● Exercise brief:
An exact reproduction of the records is required, with all images left out.

● Data extracts:
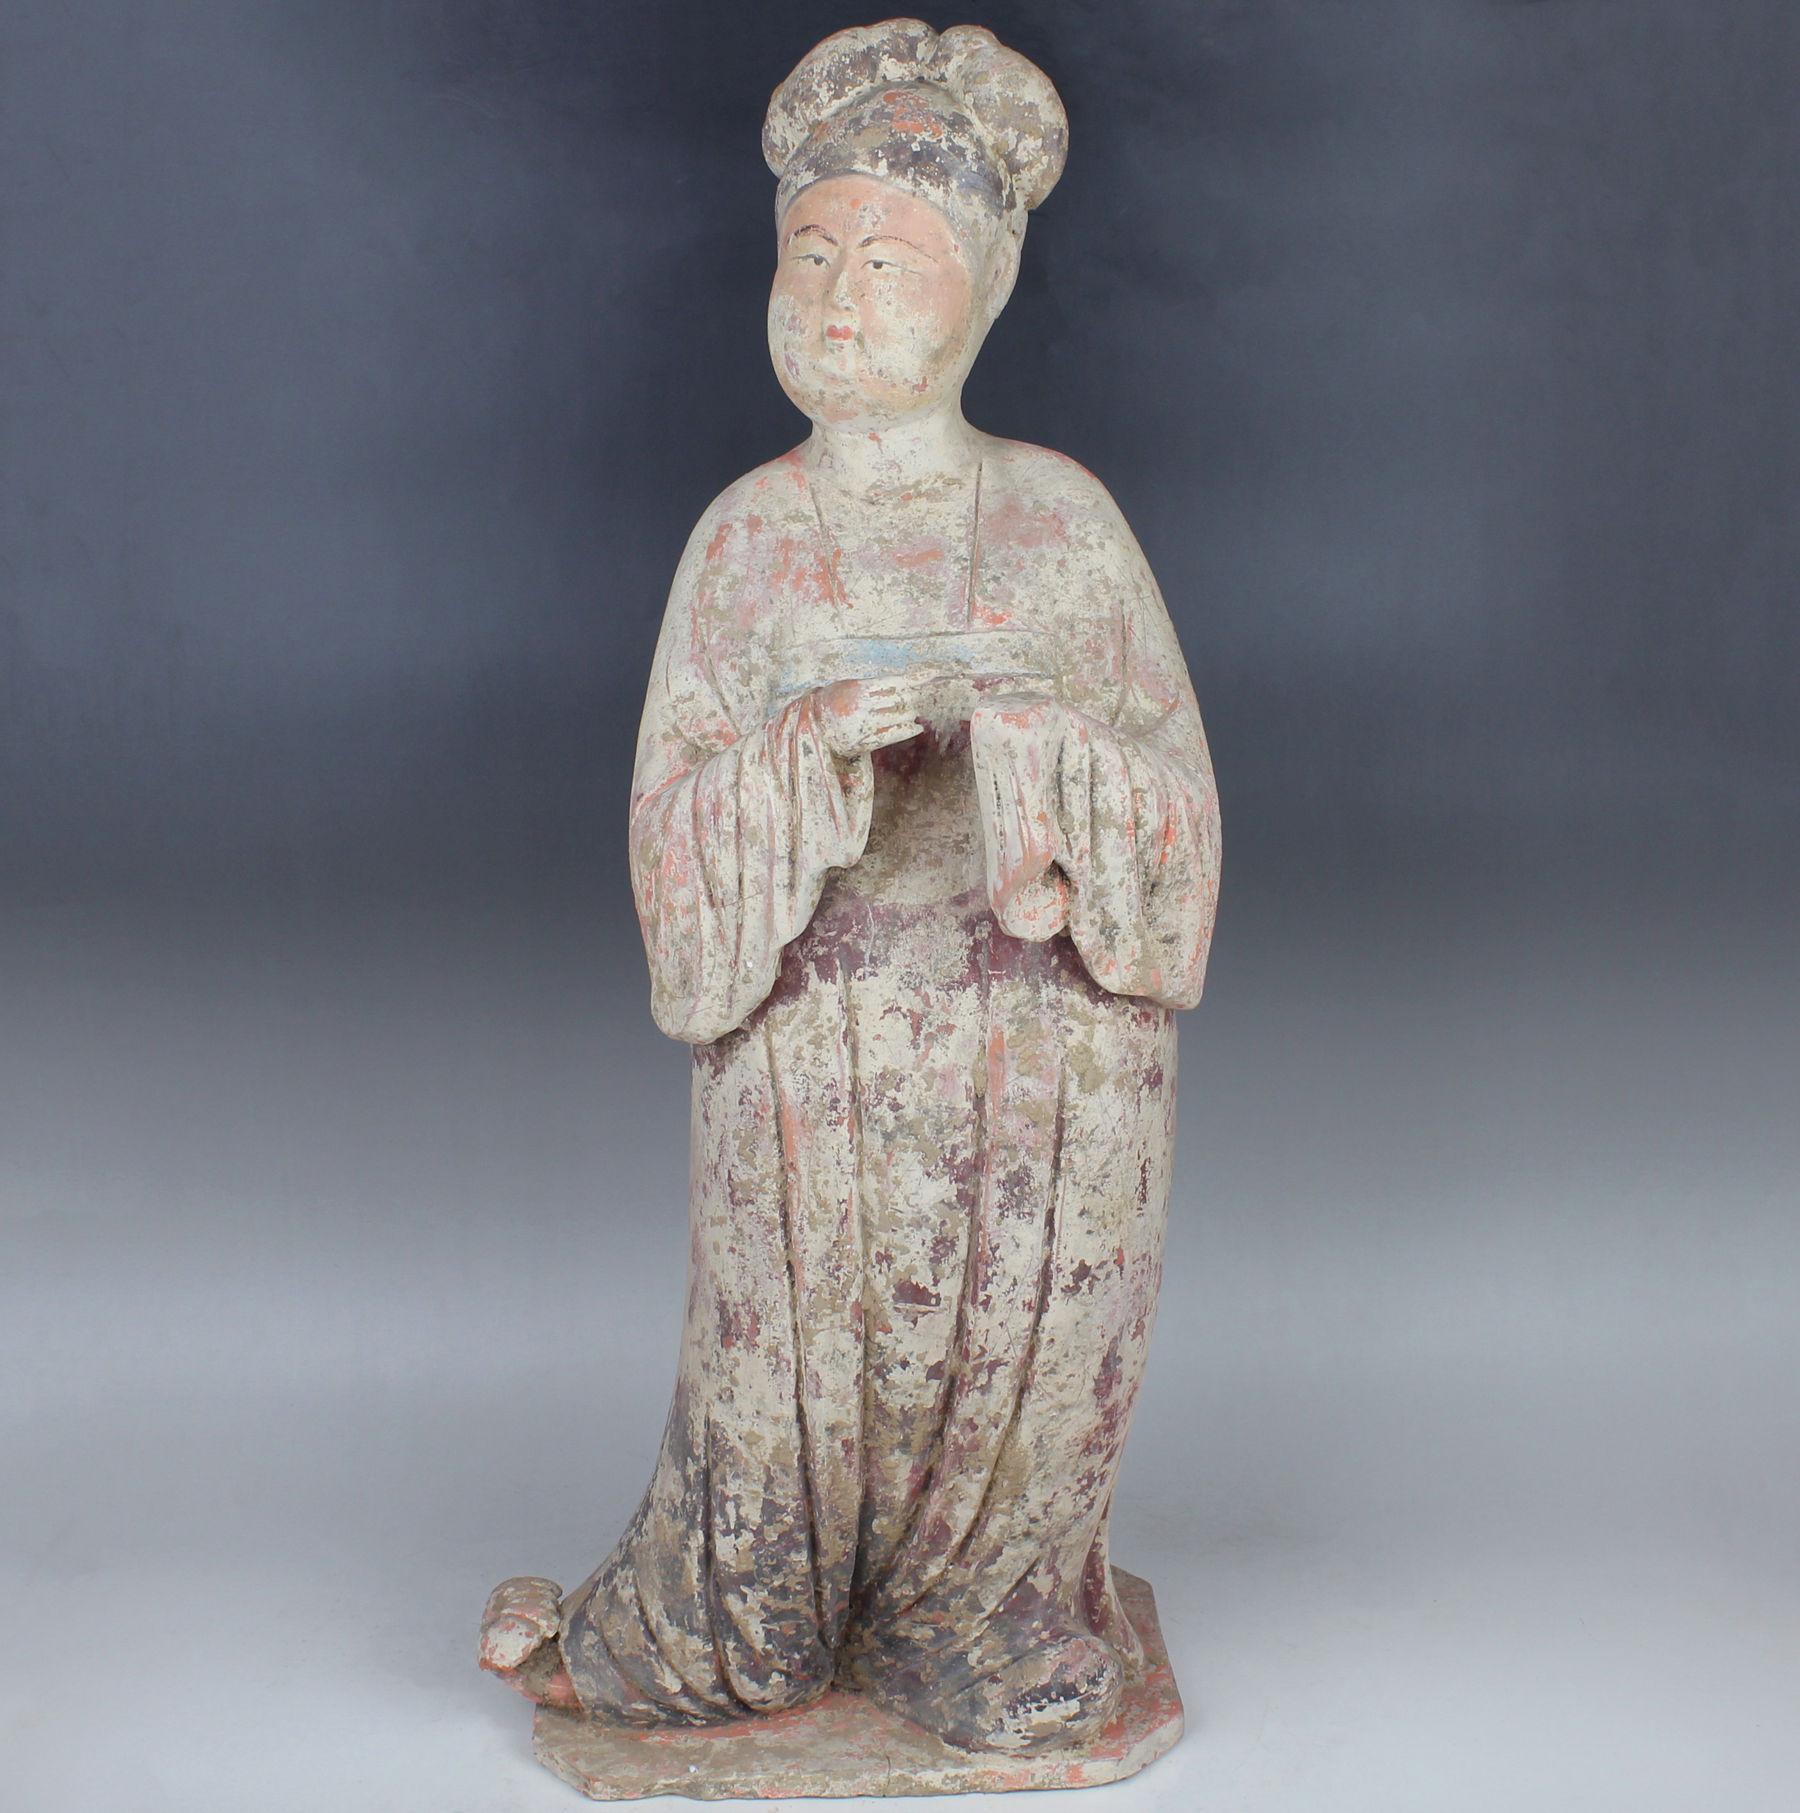 ITEM: Statuette of a Fat Lady
MATERIAL: Pottery
CULTURE: Chinese, Tang Dynasty
PERIOD: 618 – 907 A.D
DIMENSIONS: 655 mm x 265 mm x 210 mm
CONDITION: Good condition. Includes Thermoluminescence test by Laboratory Kotalla (Reference 05B101123).
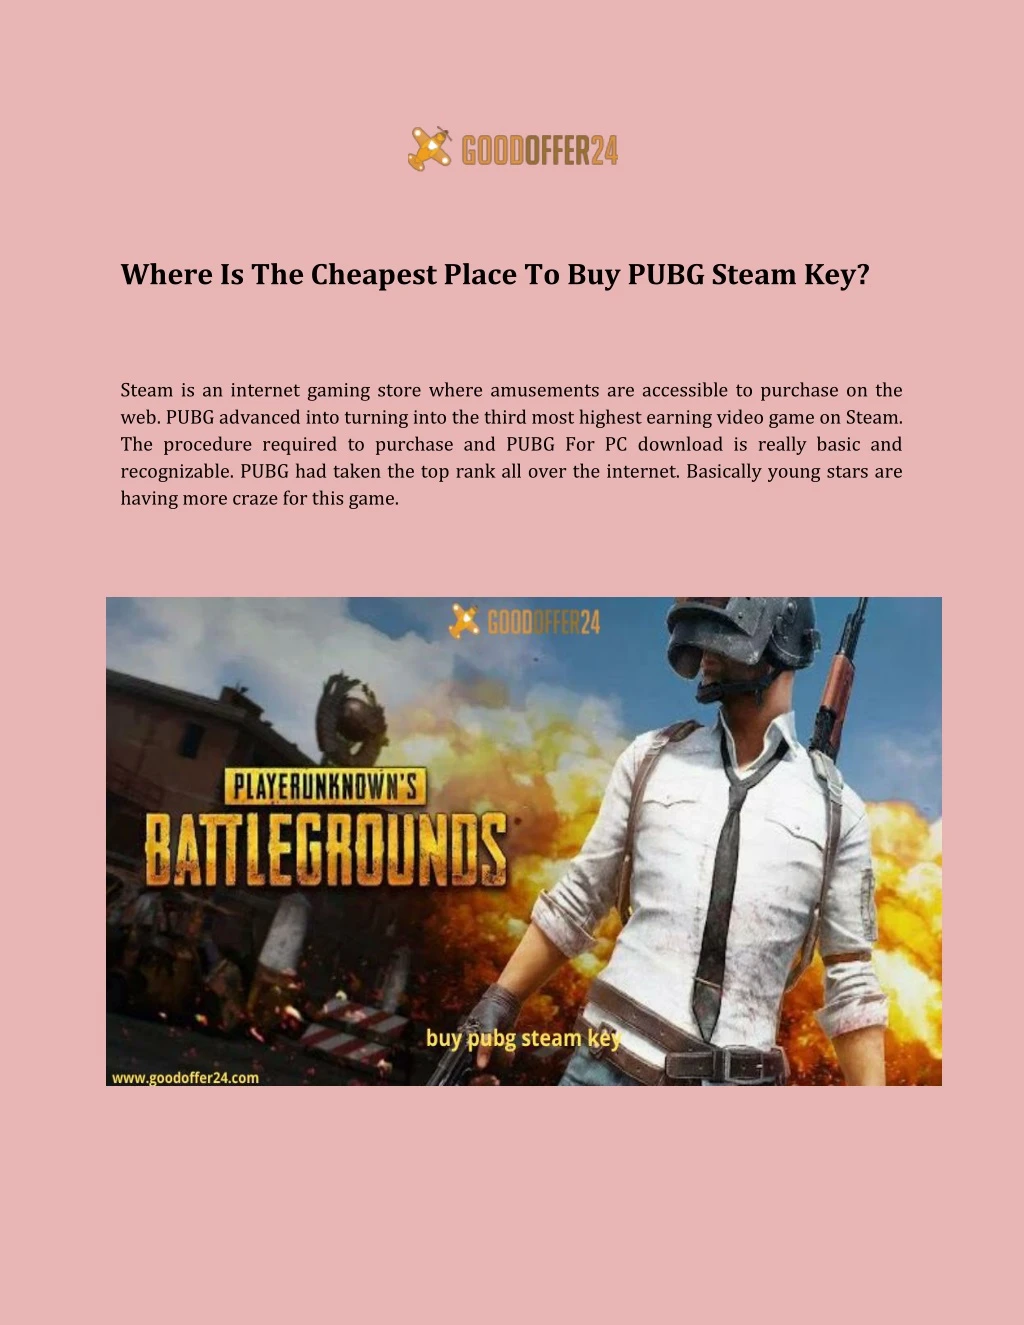 where is the cheapest place to buy pubg steam
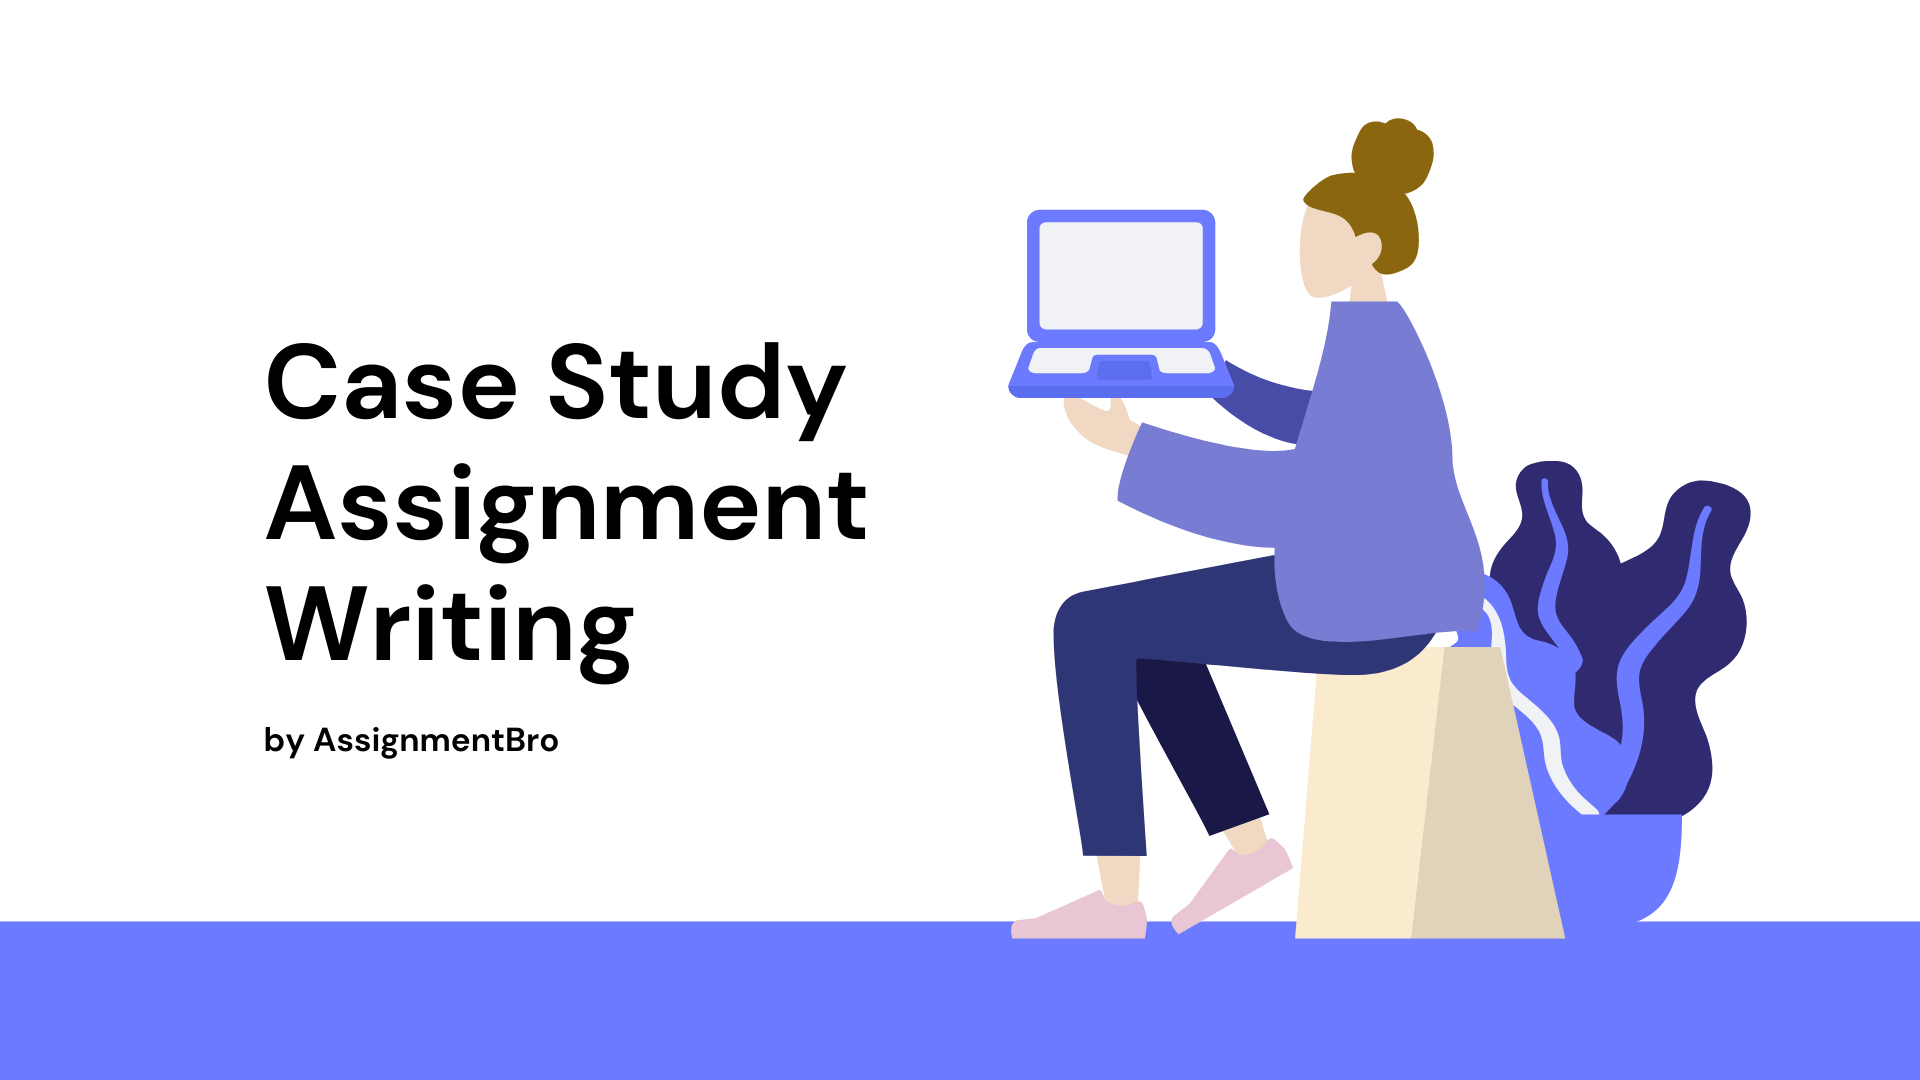 Case-Study Assignment Writing

● Result below:
 ITEM: Statuette of a Fat Lady
MATERIAL: Pottery
CULTURE: Chinese, Tang Dynasty
PERIOD: 618 – 907 A.D
DIMENSIONS: 655 mm x 265 mm x 210 mm
CONDITION: Good condition. Includes Thermoluminescence test by Laboratory Kotalla (Reference 05B101123).
 where is the cheapest place to buy pubg steam
 Case-Study Assignment Writing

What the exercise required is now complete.